Dataset section:

[Start of Attachment]

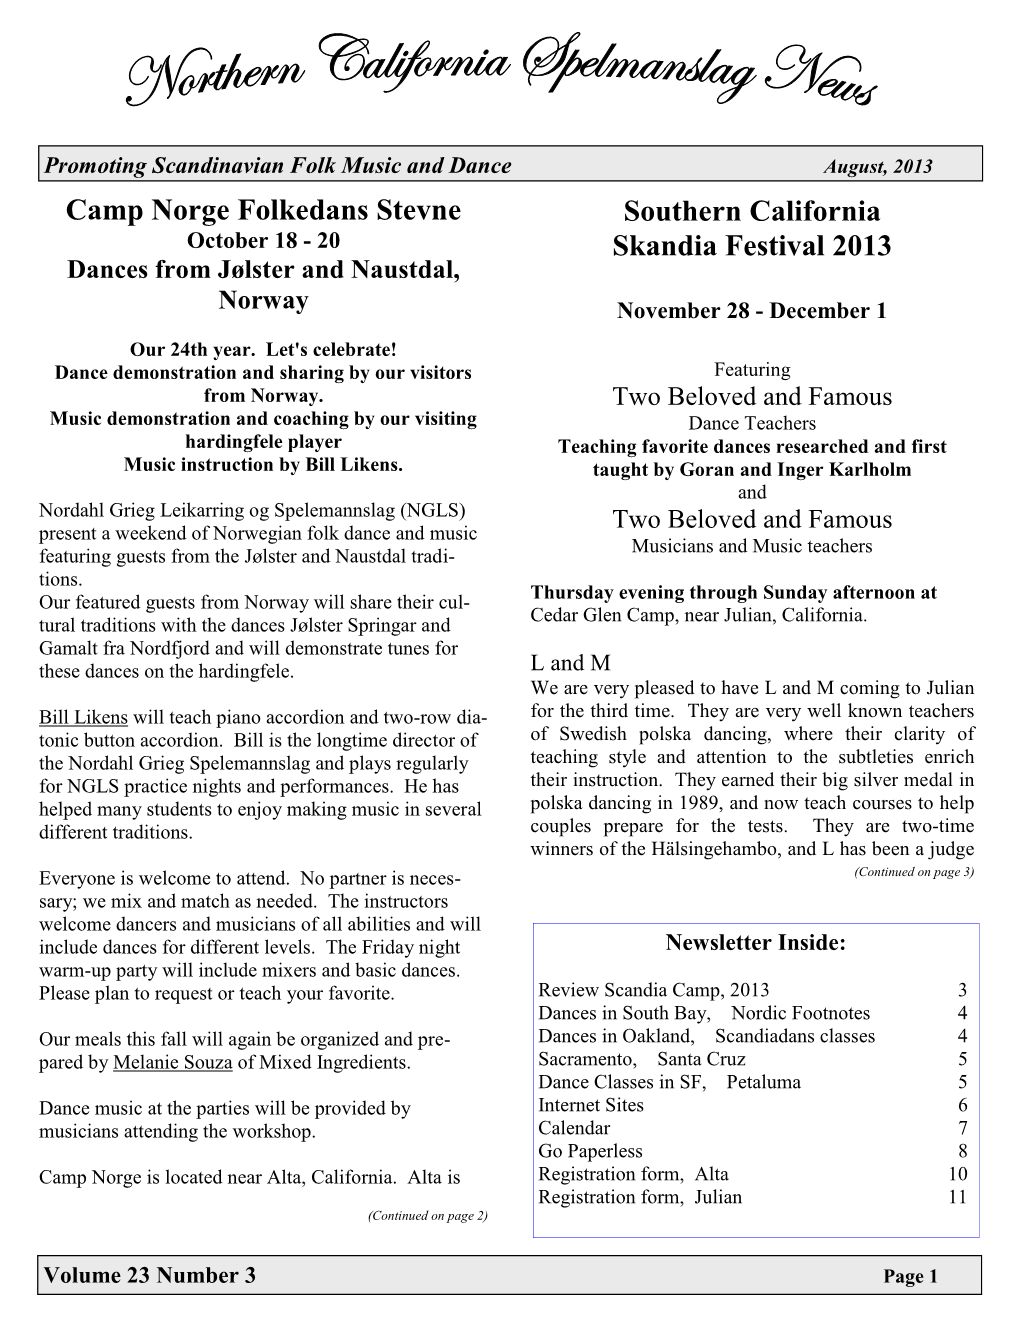 Camp Norge Folkedans Stevne Southern California Skandia
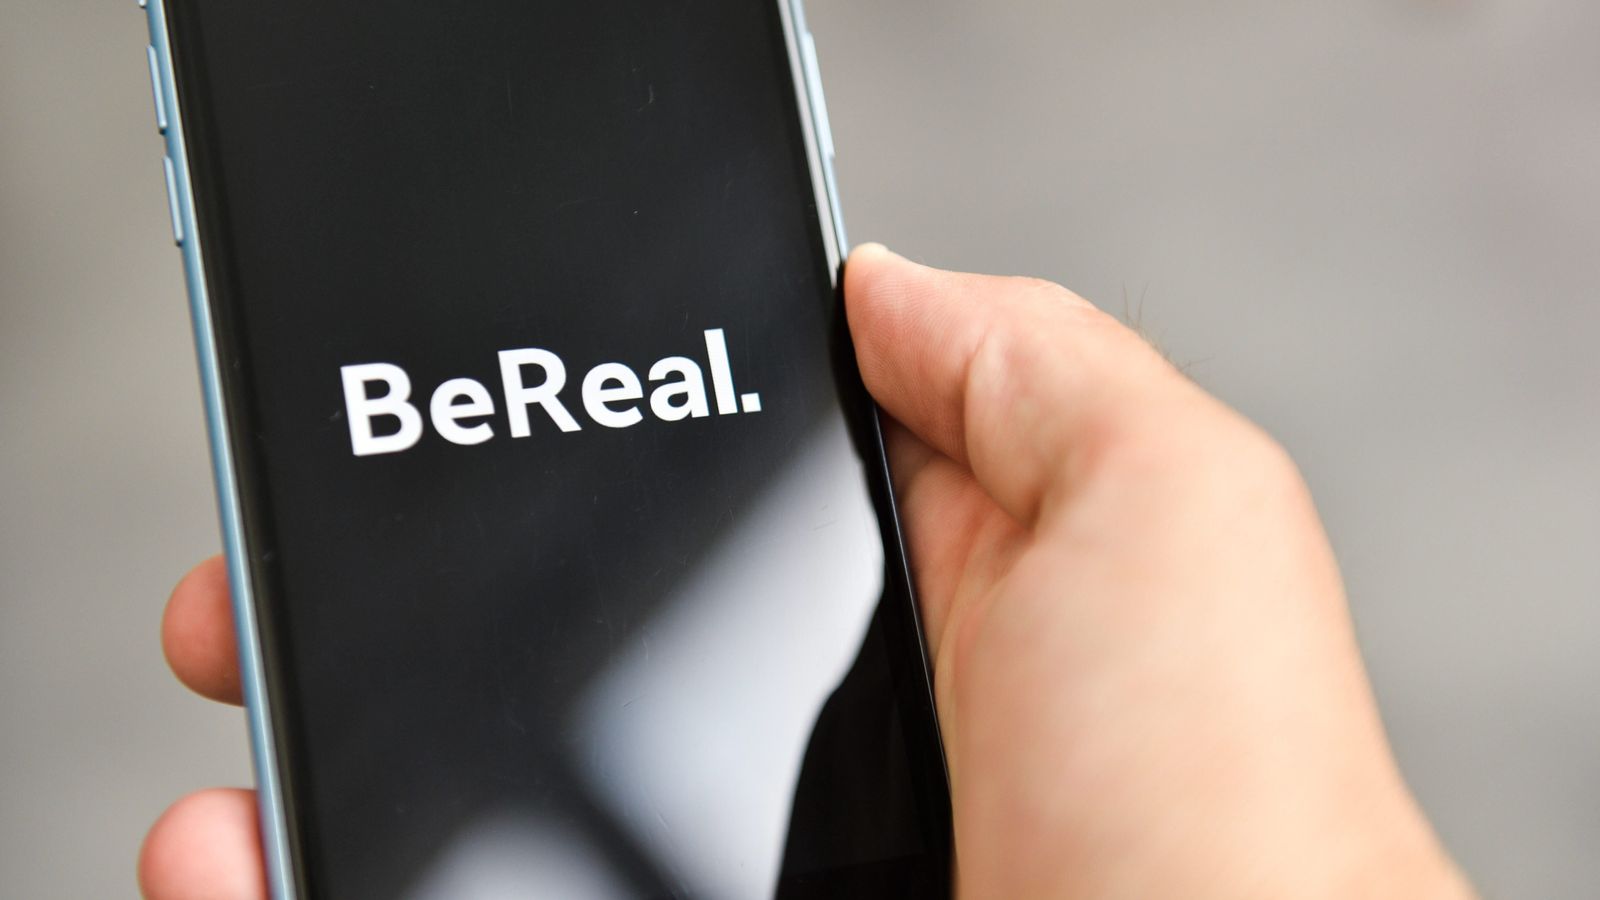 New social media app BeReal wants to show real life
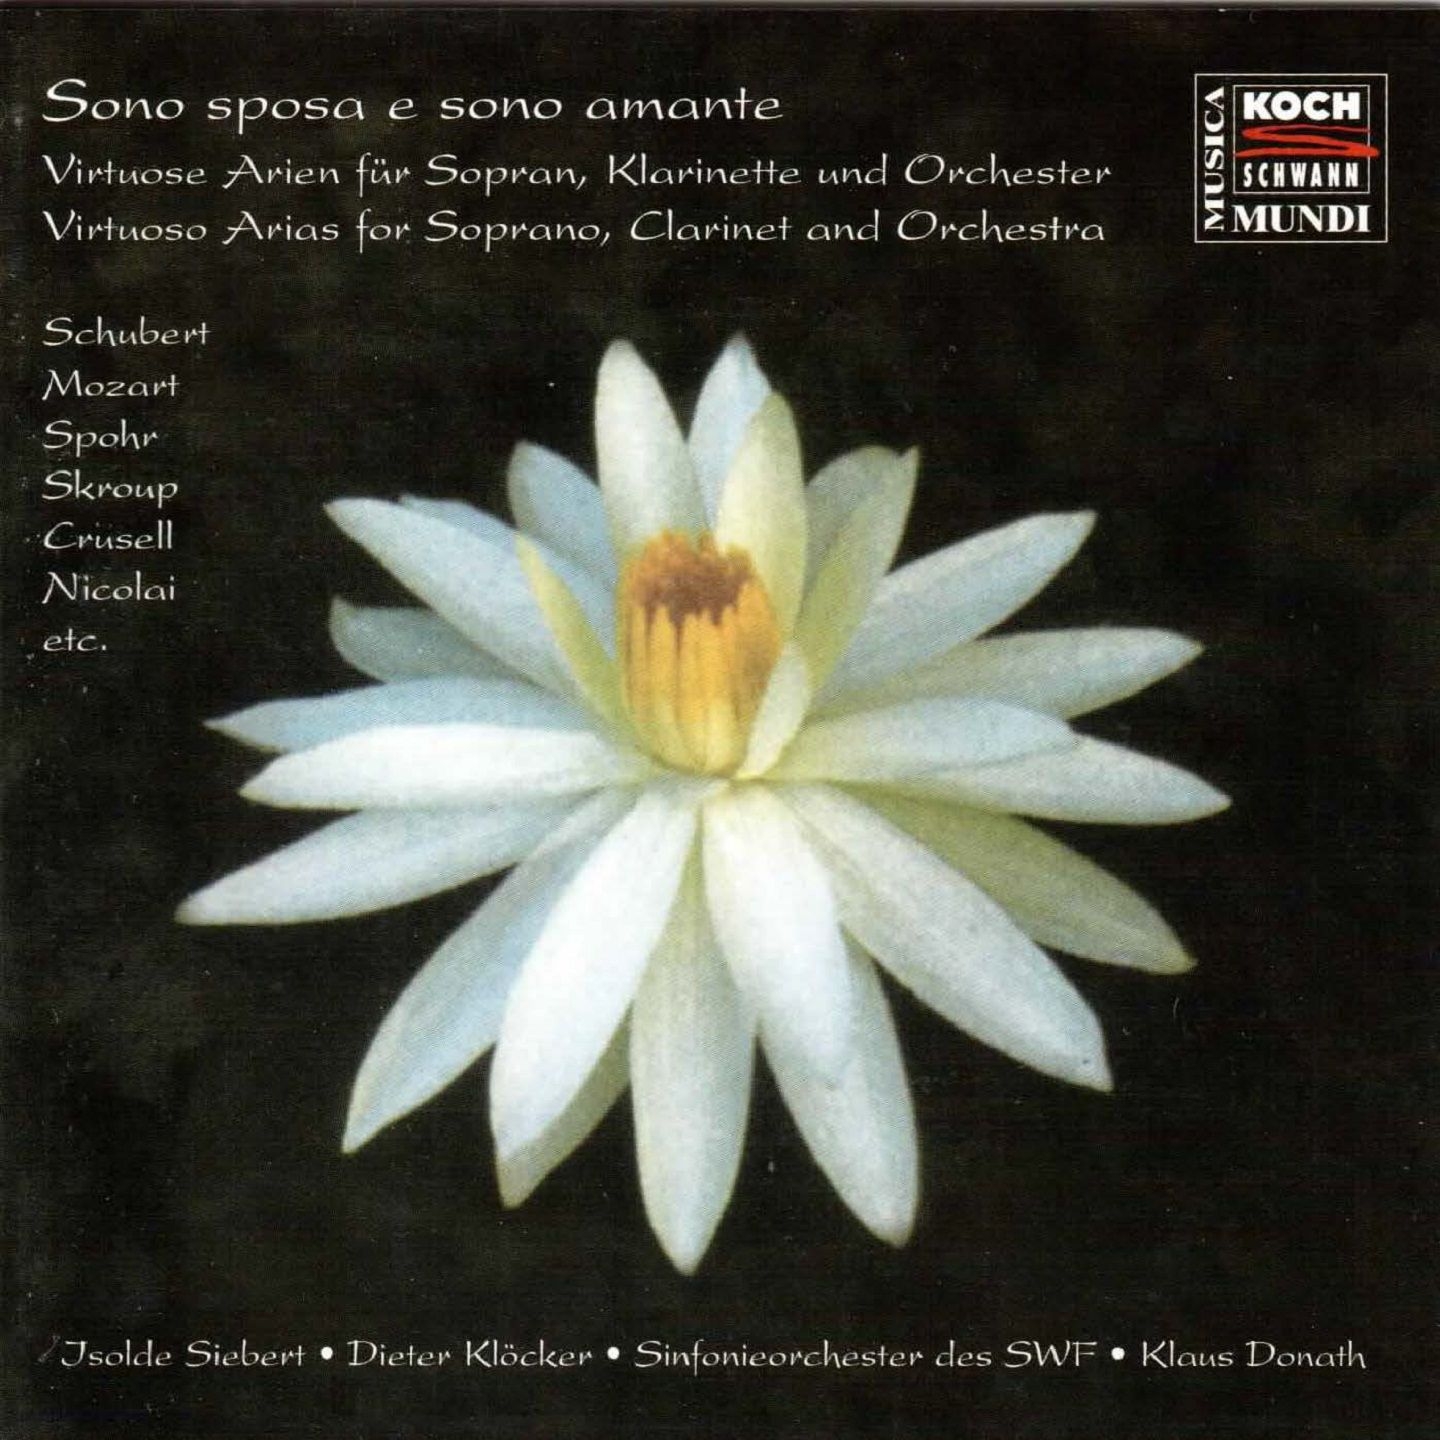 Variazioni Concertanti from Rosmonda d'Inghilterra, Op. 26
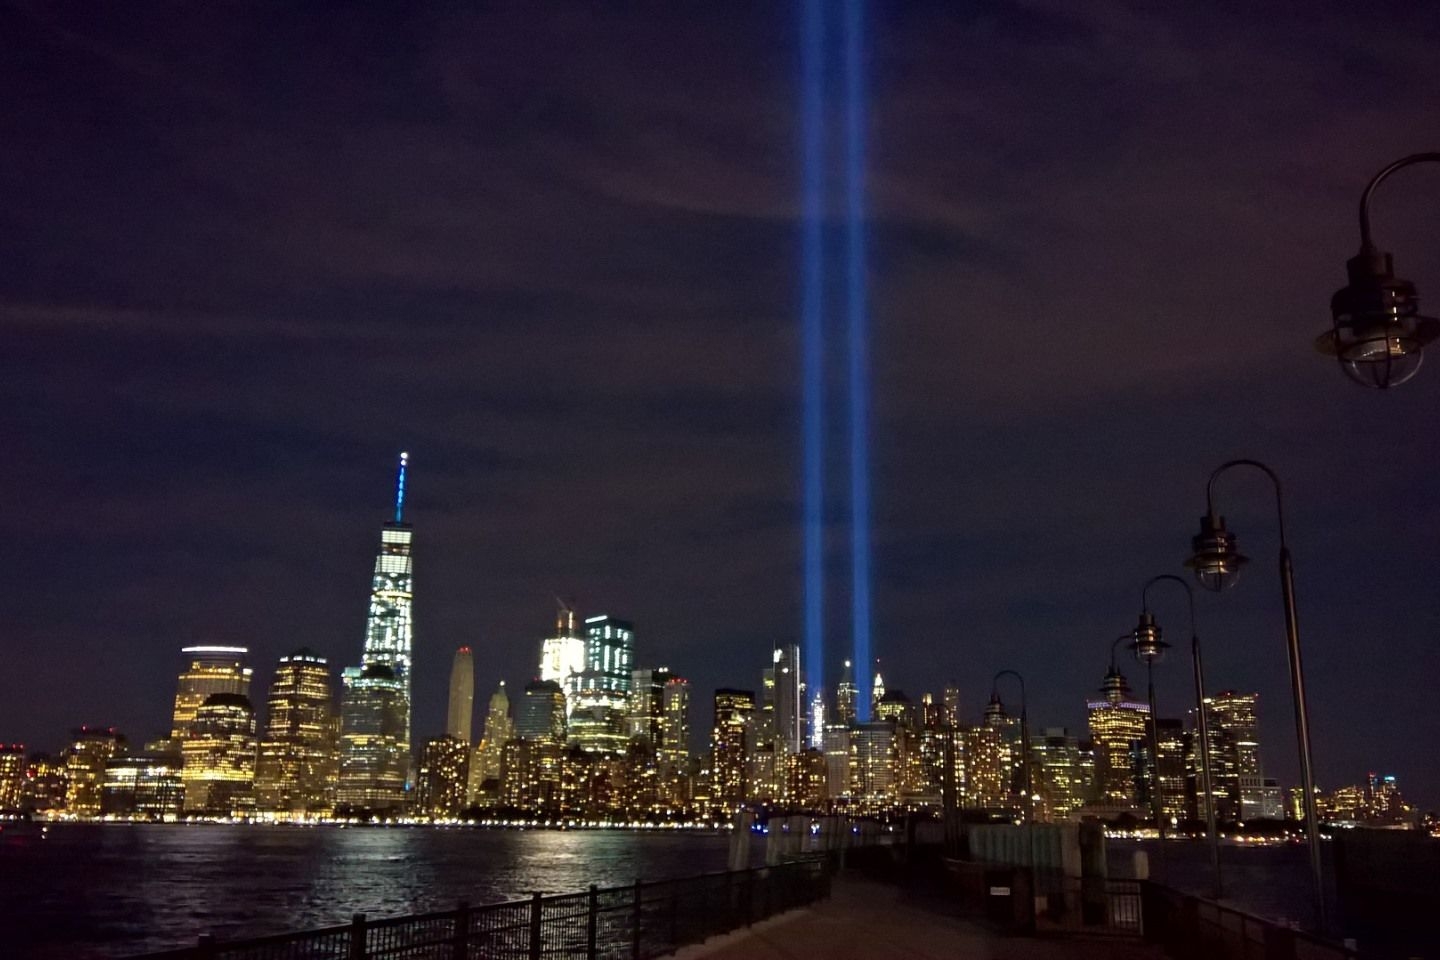 9/11 New York City Skyline World Trade Center Lights. Downloaded free from Pixabay.com

[End of Attachment]

Task objective: Repeat exactly the lines from the one containing "Variazioni Concertanti from" to the last line of the data above, both included, and write no pictures into the copy.

Result:
 Variazioni Concertanti from Rosmonda d'Inghilterra, Op. 26
 9/11 New York City Skyline World Trade Center Lights. Downloaded free from Pixabay.com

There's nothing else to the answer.